Assigned task:
Using the records that follow, reproduce exactly the lines starting at the line containing "Little Girl Blue" and ending at the line containing "Robin tran spaceshooter spaceship01". Include both end lines and no pictures.

Provided information:
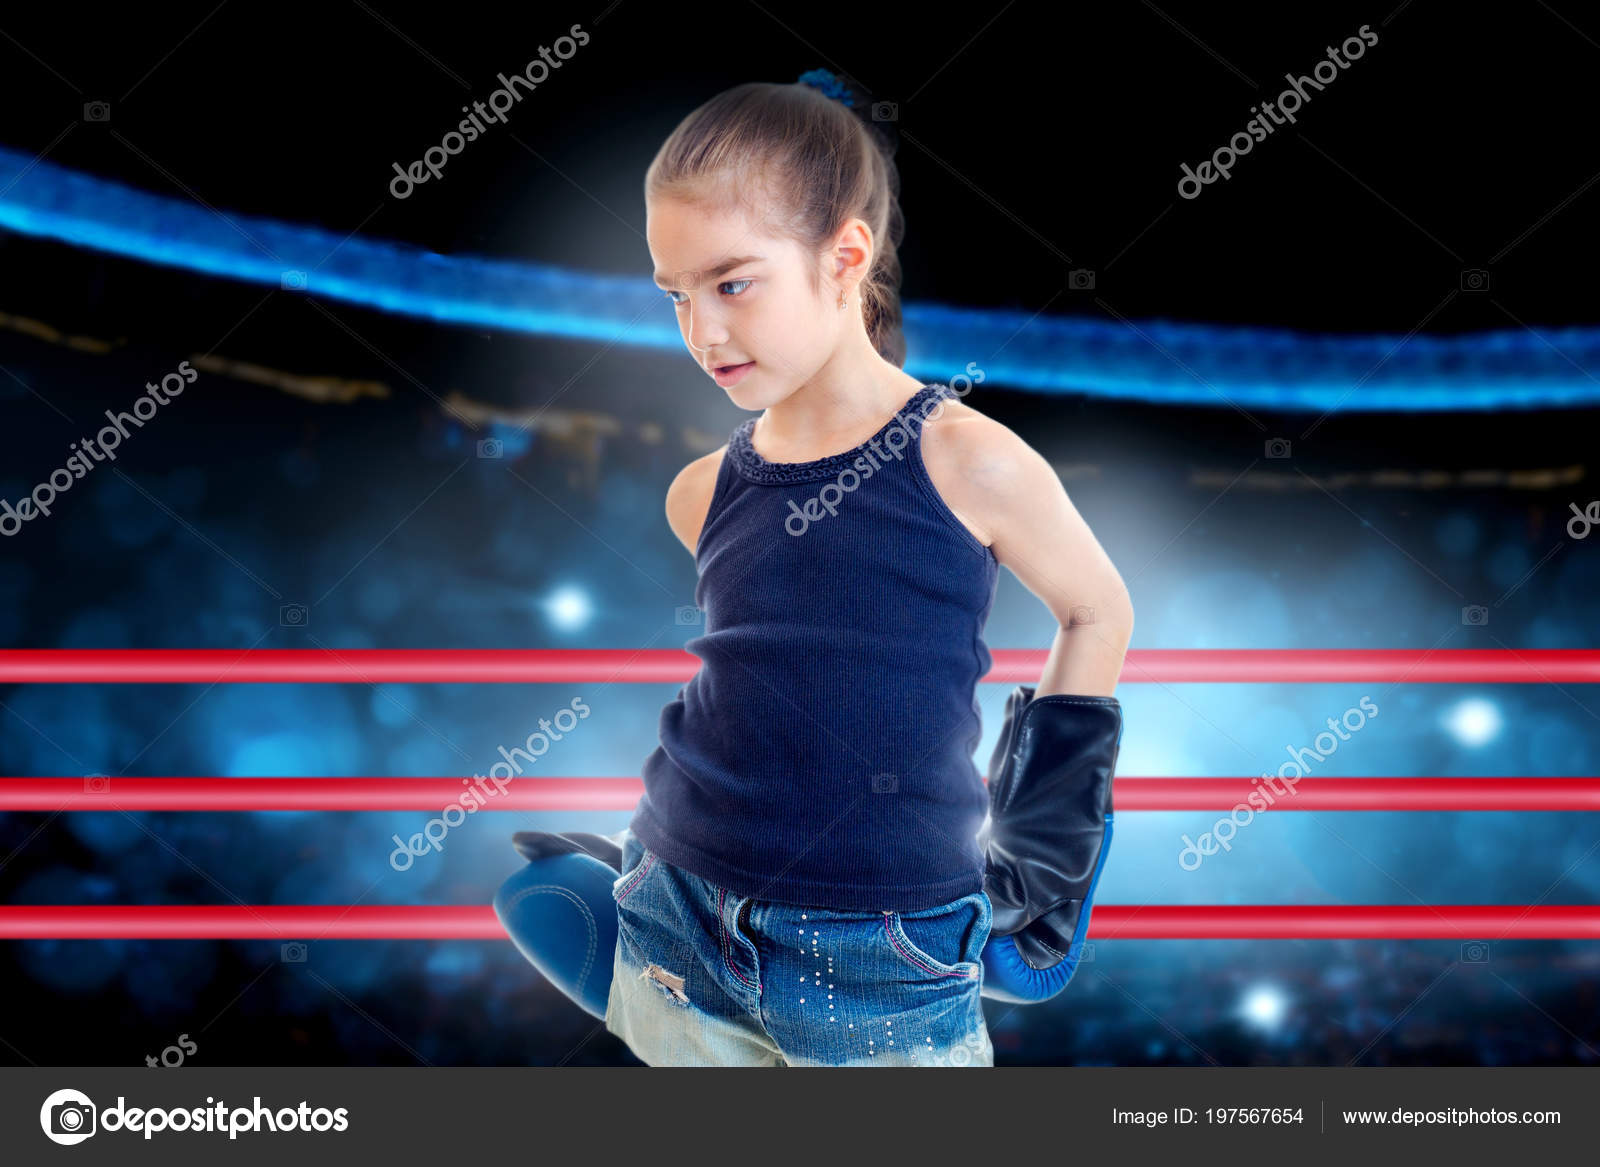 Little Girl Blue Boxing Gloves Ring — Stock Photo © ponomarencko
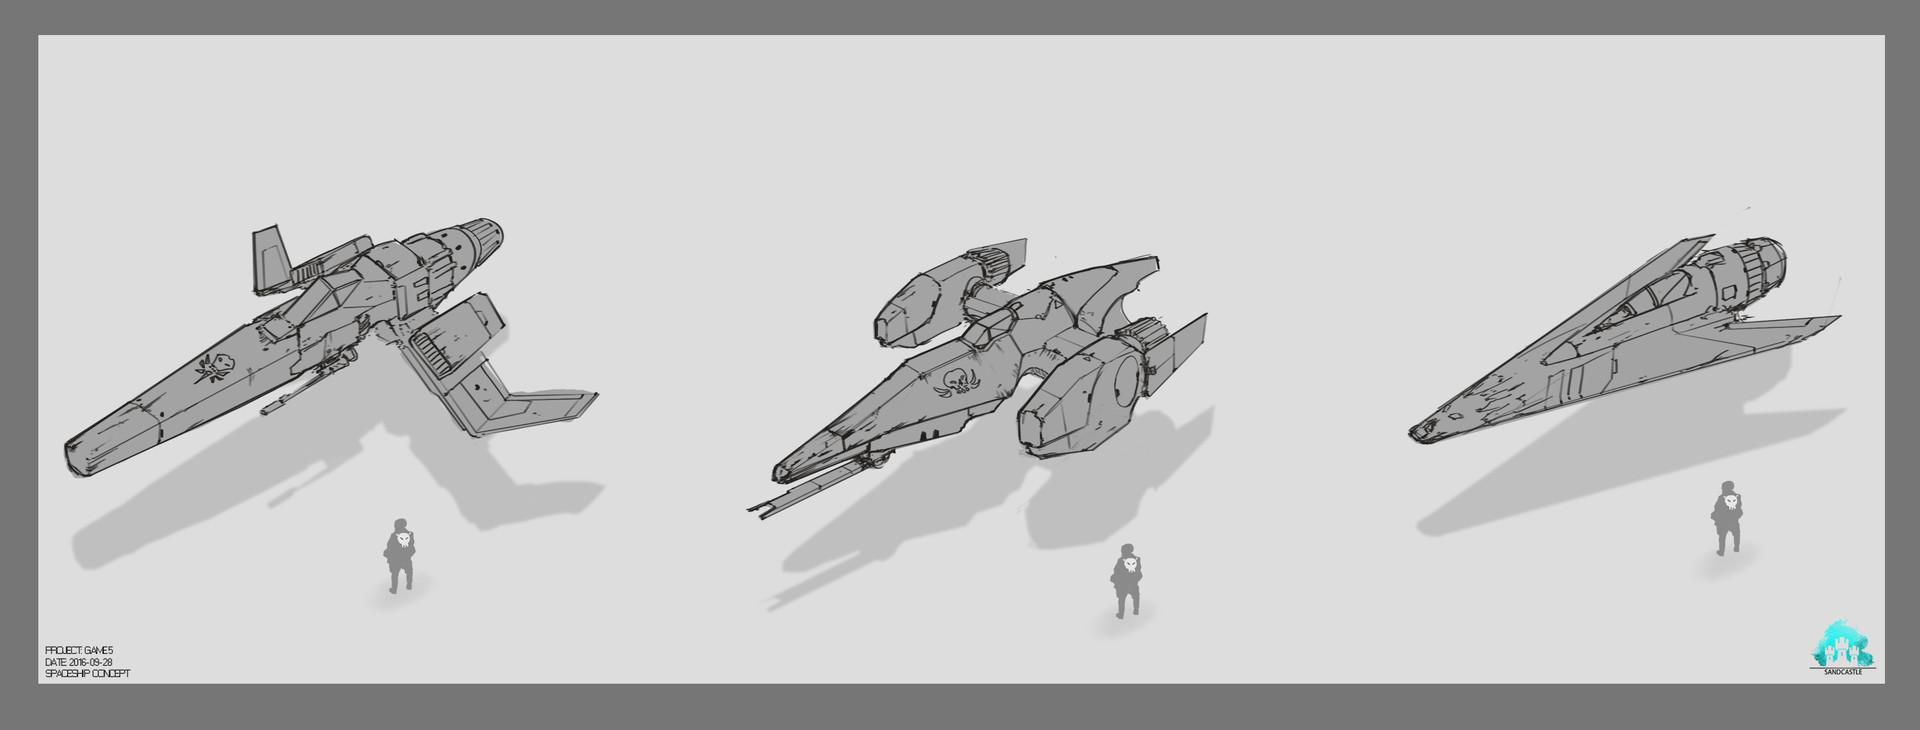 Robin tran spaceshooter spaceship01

...

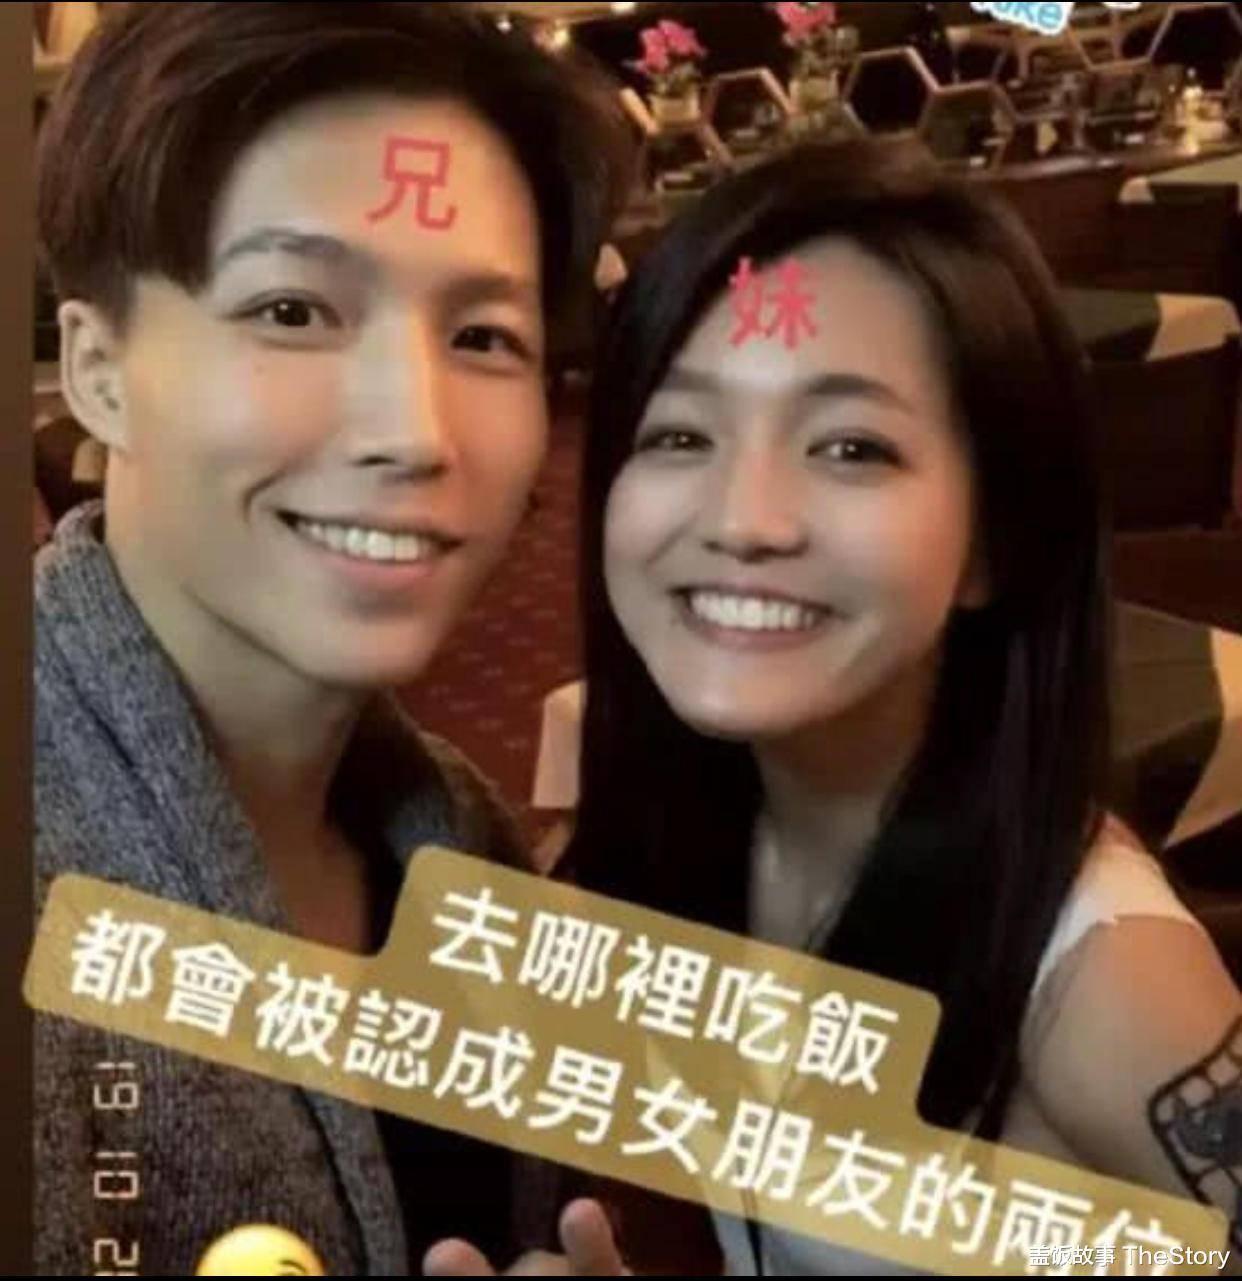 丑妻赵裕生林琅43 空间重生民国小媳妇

---

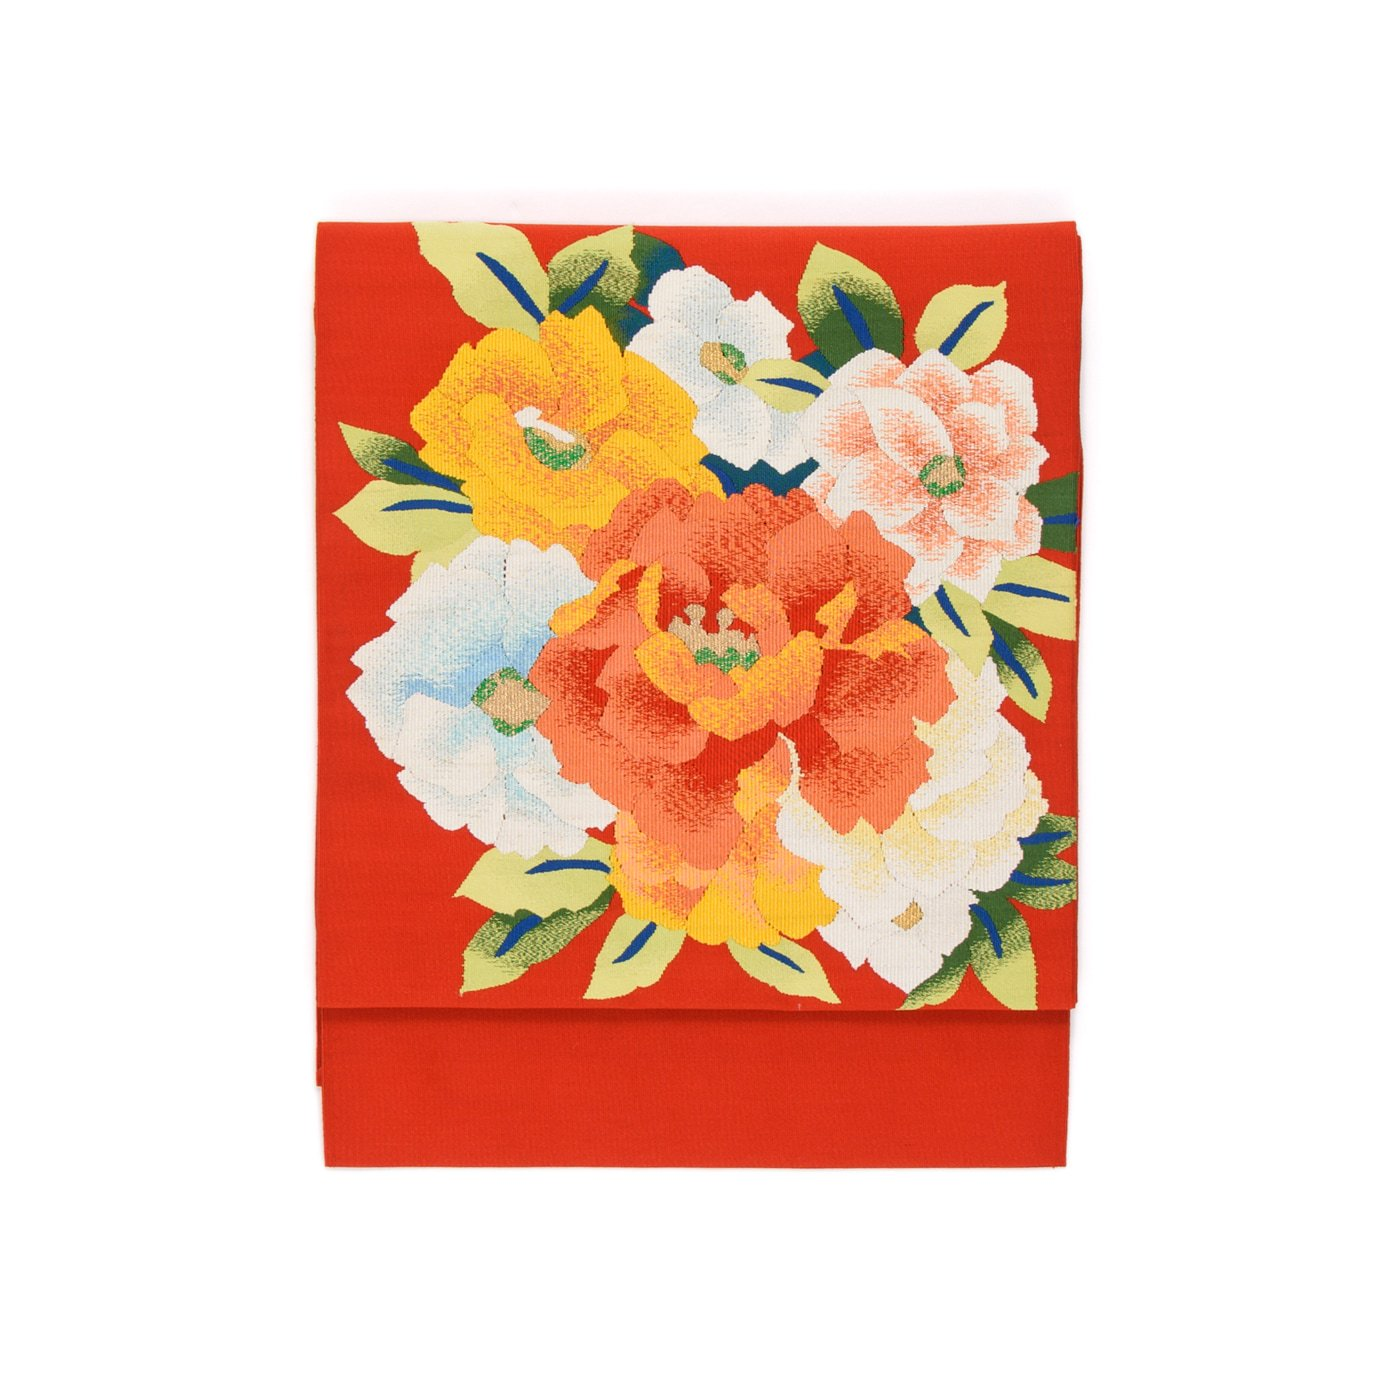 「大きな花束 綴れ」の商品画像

Result of this exercise:
 Little Girl Blue Boxing Gloves Ring — Stock Photo © ponomarencko
 Robin tran spaceshooter spaceship01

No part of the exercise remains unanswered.